In what follows, you will read about women like the woman beaten by soldiers on the street at midnight, who is now sustaining her dissociated life in an asylum; or the girls’ high school student who was assaulted by a group of soldiers and has now completely lost the meaning of life. We can see from such offenses and injuries as these, committed solely against females, what the military junta really was. The reason why we describe in this book in detail how the women of Gwangju were victimized is to derive a historically important lesson by exposing the truth of the military junta’s unpardonable wrongdoings although they tried to wipe out the proof of it.
On the day of May 18th, the main street of Gwangju City was a field of death. Both the persons who suffered and the persons who committed violence were no more human beings. The junta wielded arms like savage brutes and the regular citizens, women as well as men, were like driving beasts. In short, the law of the jungle prevailed. In a situation where one is forced to live as a beast, the women of Gwangju City struggled in a frenzy to be human and redeem life as human beings. They are still not free from the psychological shock and the trauma of that day. Their agony of mind is also caused by their husbands, whose groaning under the fetters of history is getting worse, to say nothing of the repentance and the consciousness of debt to the dead as survivors of the tragedy. A number of wives have become the prey of their husband’s violence, but they have nothing to do but to put up with it. The government authorities, from the very nature of things, should bear the responsibility for all this kind of privation. For, if the junta had not committed the wrongdoings of brutality or if they had not stigmatized the citizens as rioters, ordinary peaceful homes would not have been visited by such horrible misery.

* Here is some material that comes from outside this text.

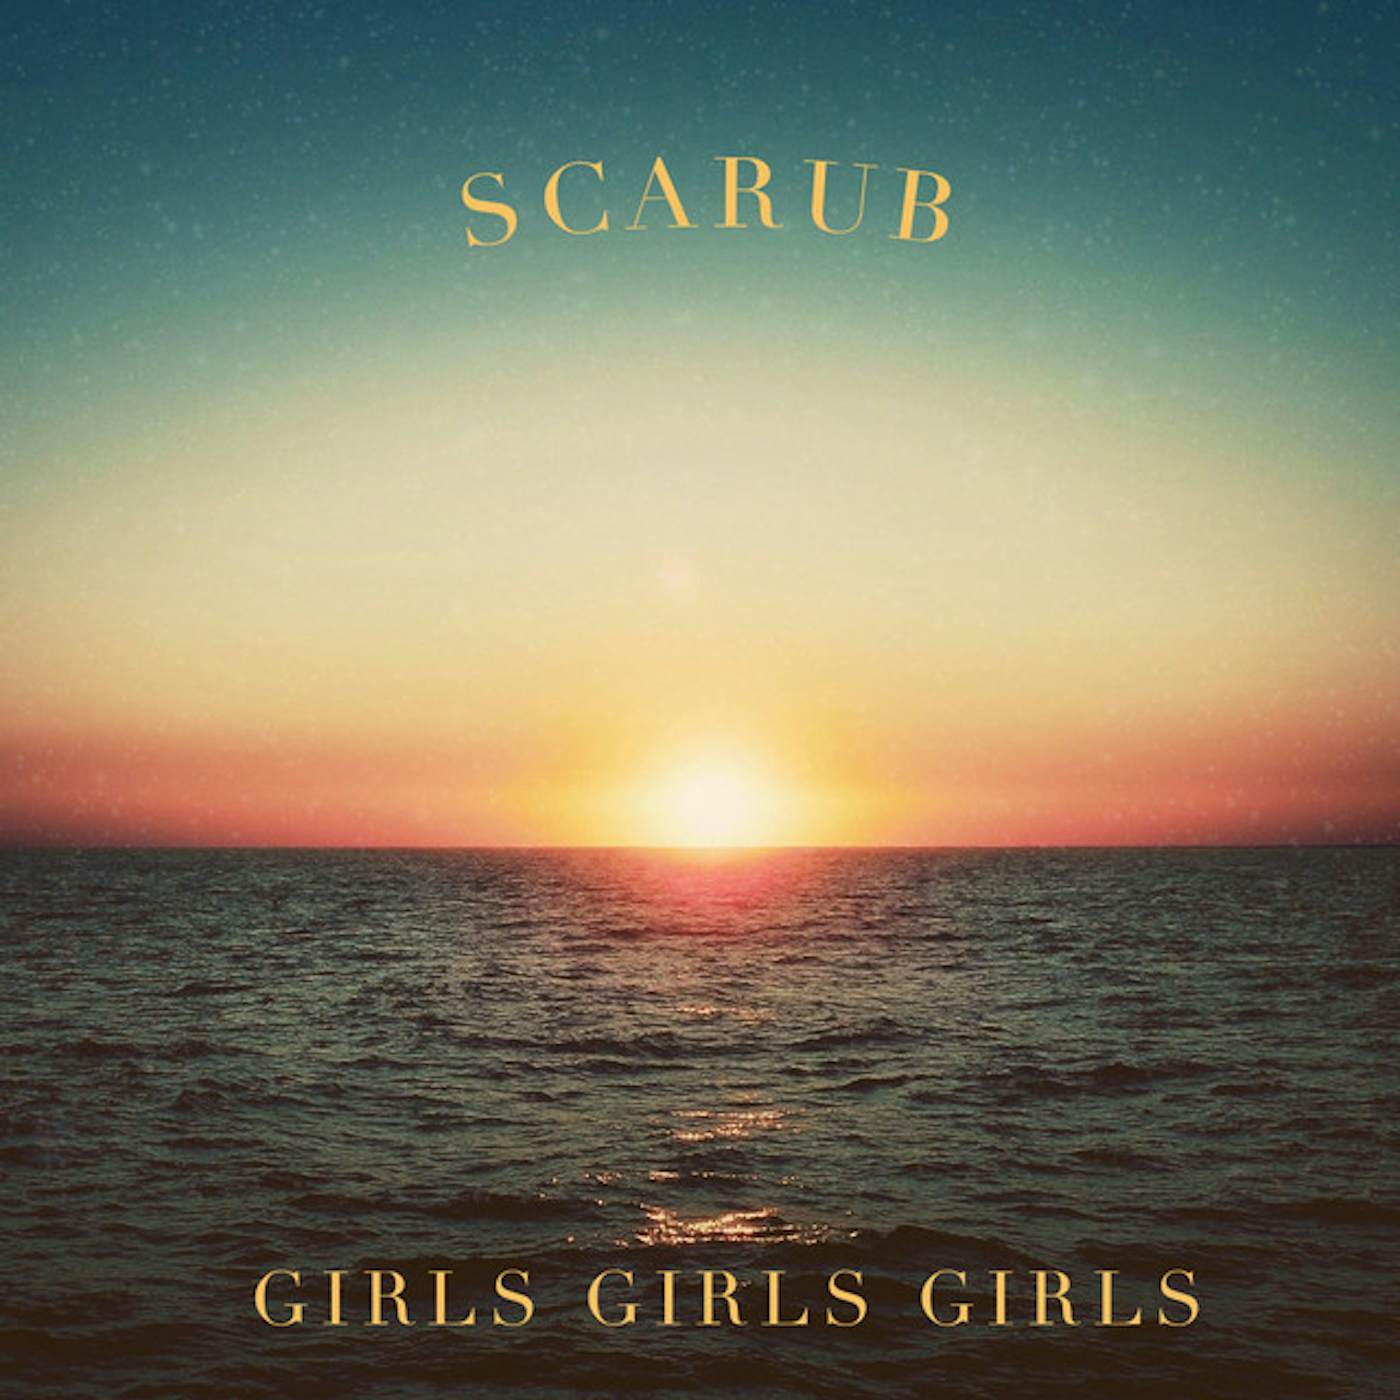 Scarub GIRLS GIRLS GIRLS (DIG) CD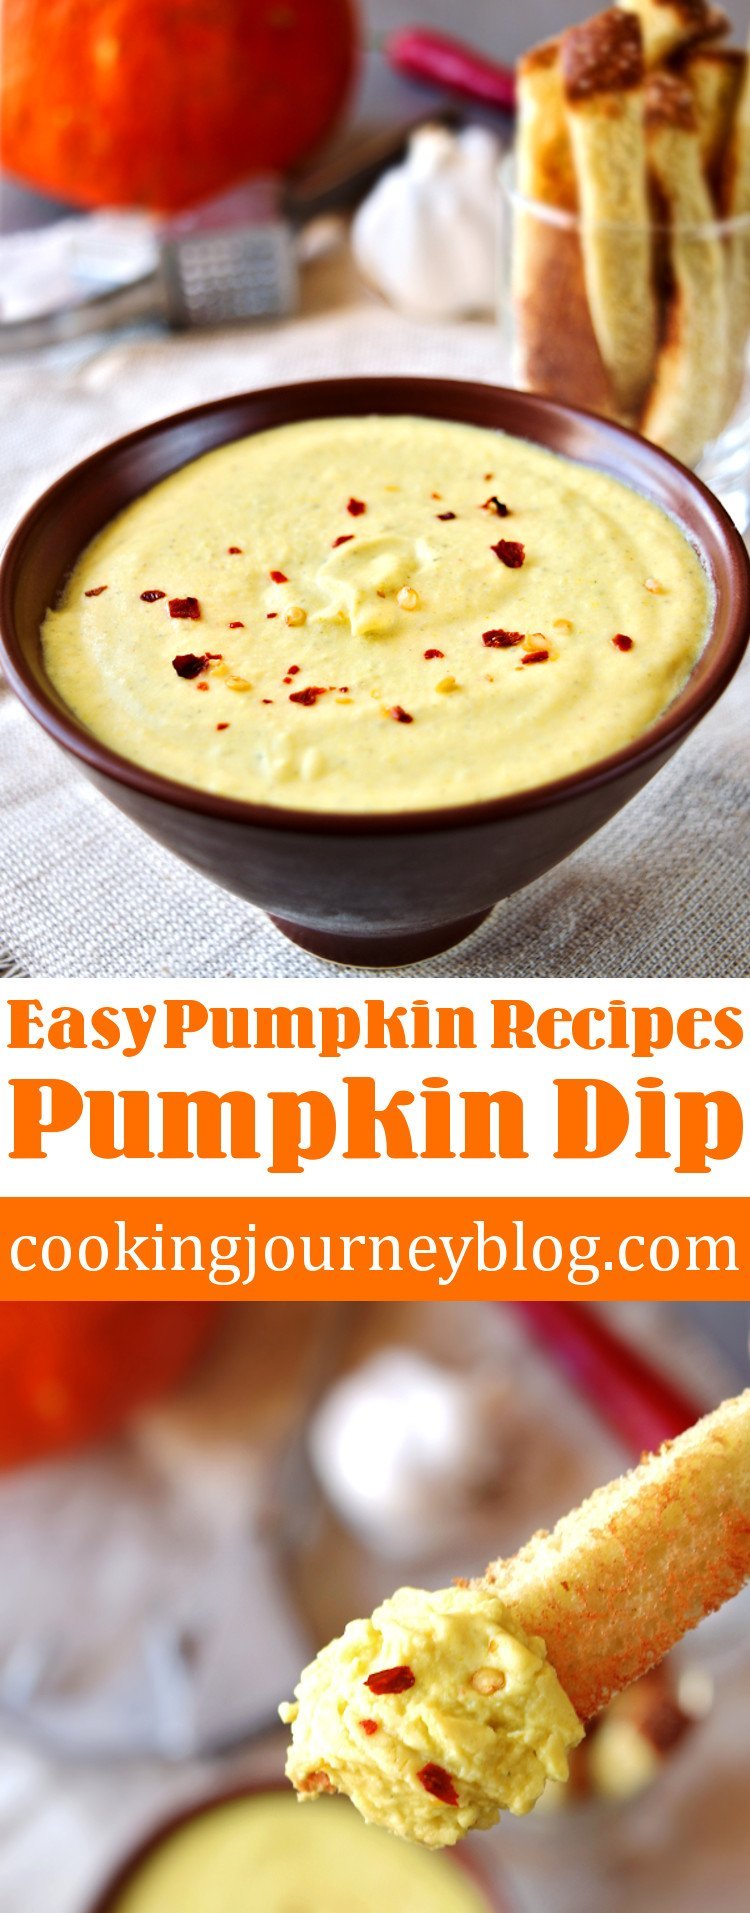 Pumpkin dip recipe – Easy pumpkin recipes pin

The Women’s Association of Gwangju and Jeonnam Province published this book because this kind of problem should be shared with all other women. We realized through the Gwangju Citizen’s resistance that women could be the main constituents in the development of history. This event brought about a great change in the conventional belief that women are inferior to men in ability. The consciousness that “We women are citizens, as equal to anything as men” was actually realized by the Uprising. In fact, there was no organized guidance bureau at that time which was supposed to take charge of the concentration of women’s power in a mass, but the Uprising provided a moment to be conscious of feministic problems in particular and social reform in general. Through this book, we want to criticize the common historical tendency of making light of women’s role during the Resistance and conversely, to emphasize the great importance of their role. For, by doing so, we can properly establish the meaning of the Gwangju Democratic Uprising in terms of national history.
At the time of the Uprising, there were many women who were ruled out of productive social activity and tied down to housework. This is the very reason that they could form the spearhead of advance during the Uprising. Many fell as unknown flowers do, and so much the more conspicuous their sacrifice is. This book is dedicated to the souls who passed away as flowers plucked in the bud, and to those who are still suffering from their wounds due to the Gwangju event. We would like to dedicate this book to these women. And we make our deepest acknowledgement to the many people who helped us both materially and morally in the making of this book.